Mach7 Technologies (M7T) has emerged from nowhere at, well, mach speed and is now valued at $300 million.

(We covered this one on November 9 this year).

This brings us to the obscure Imex, the Latin American-based diagnostics play which back-door listed on the ASX in September 2018 and has been as quiet as a church rodent ever since.

Few investors would be able to pronounce the company’s name. But this is likely to change as the company expands from its South American foothold into the US market, as well as Europe and Australia.

It’s IMEXHS, not INXS

The company’s moniker, by the way, abbreviates “imaging experts and healthcare services” and has nothing to do with the great Aussie rock band INXS. To simplify matters, we’ll use the short-form Imex, but you still can’t use it to watch movies on big screens.

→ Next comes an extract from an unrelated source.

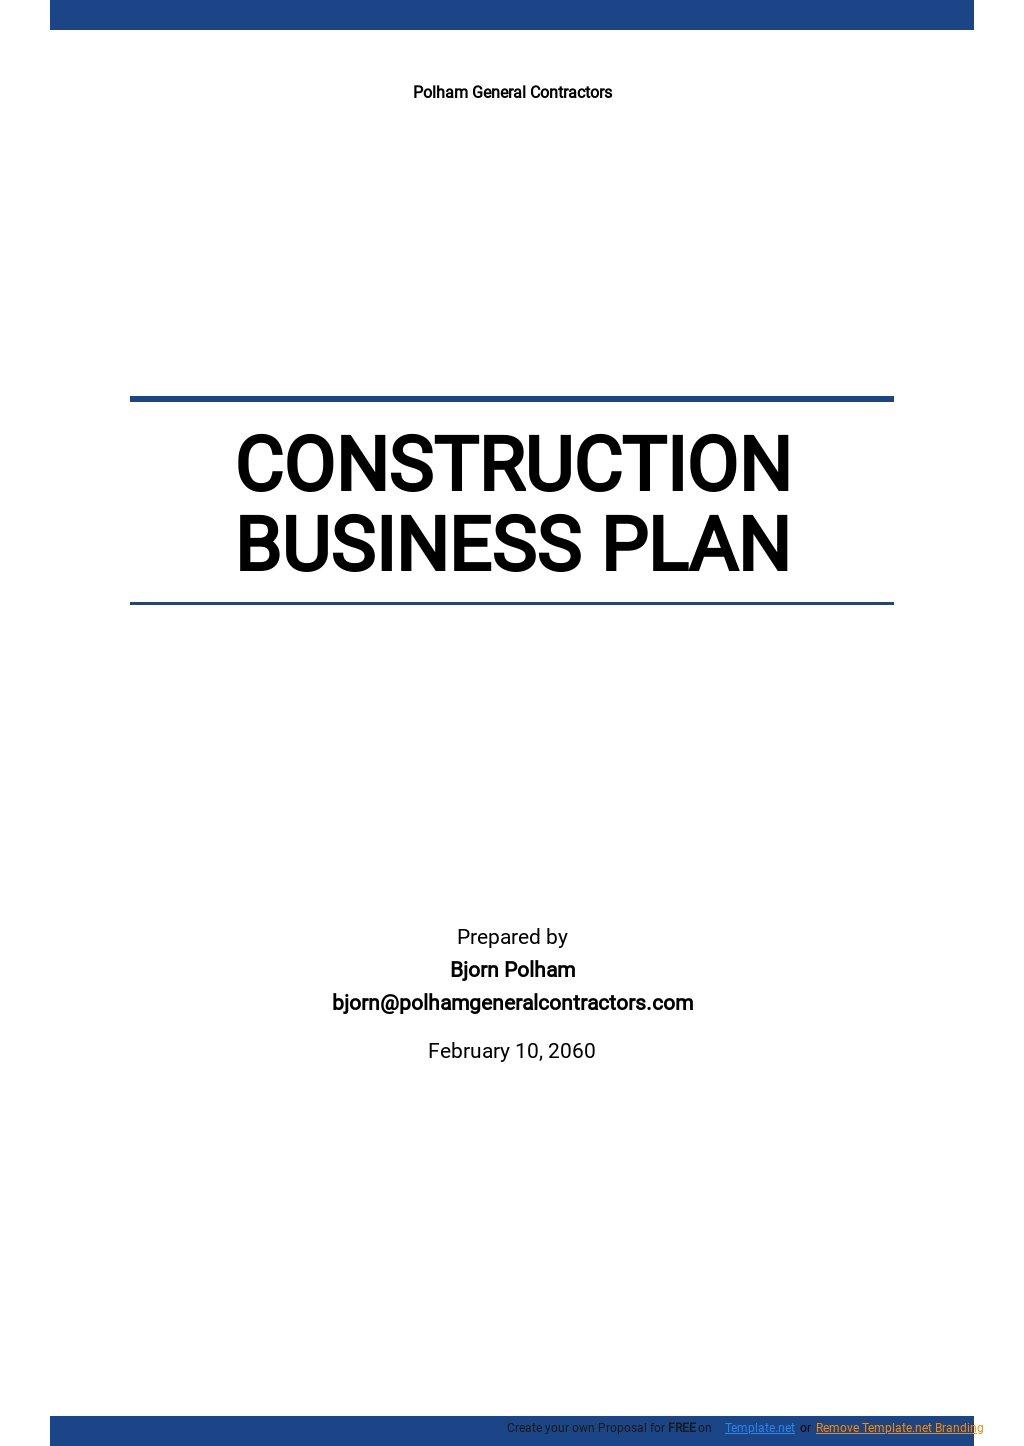 Sample Construction Business Plan Template.jpe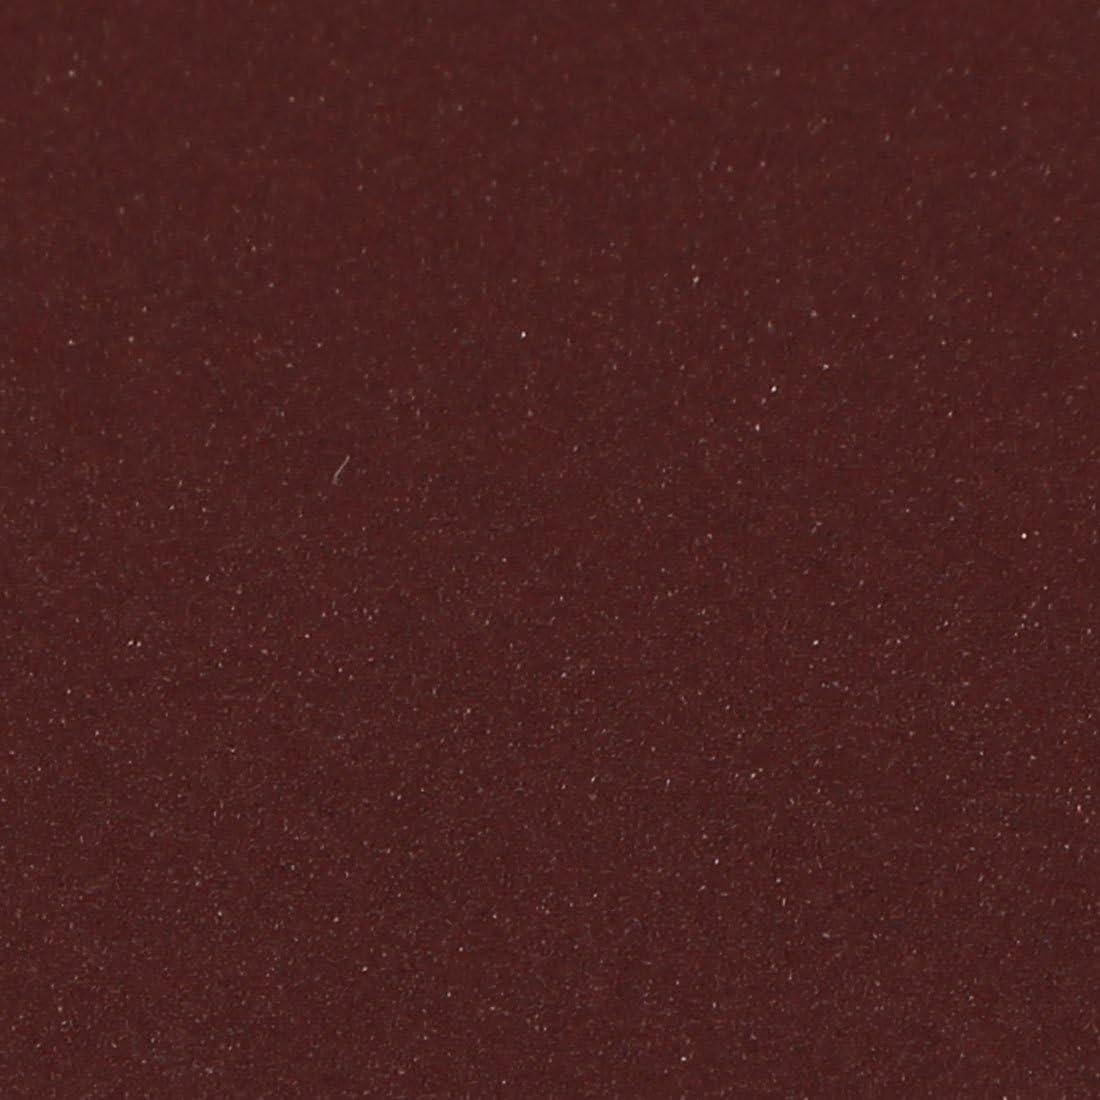 Marr/ón 10 Pcs Aexit 18cm Dia 1500 Grit Abrasivo Pulido Gancho y Bucle Lijado Disco model: X2878VIX-2259YC

Imex is headquartered in Sydney’s Mascot but most of its activities are carried out from the Colombian capital of Bogota.

Based on its patented software called Hiruko, Imex has three product lines covering radiology (Aquila), pathology (Alula) and cardiology (Anteros).

Hiruko is approved in the US and Europe.

In May this year, the company launched Aquila in the Cloud (AIC), an off-the-shelf product which is aimed at small to mid-sized facilities with small budgets.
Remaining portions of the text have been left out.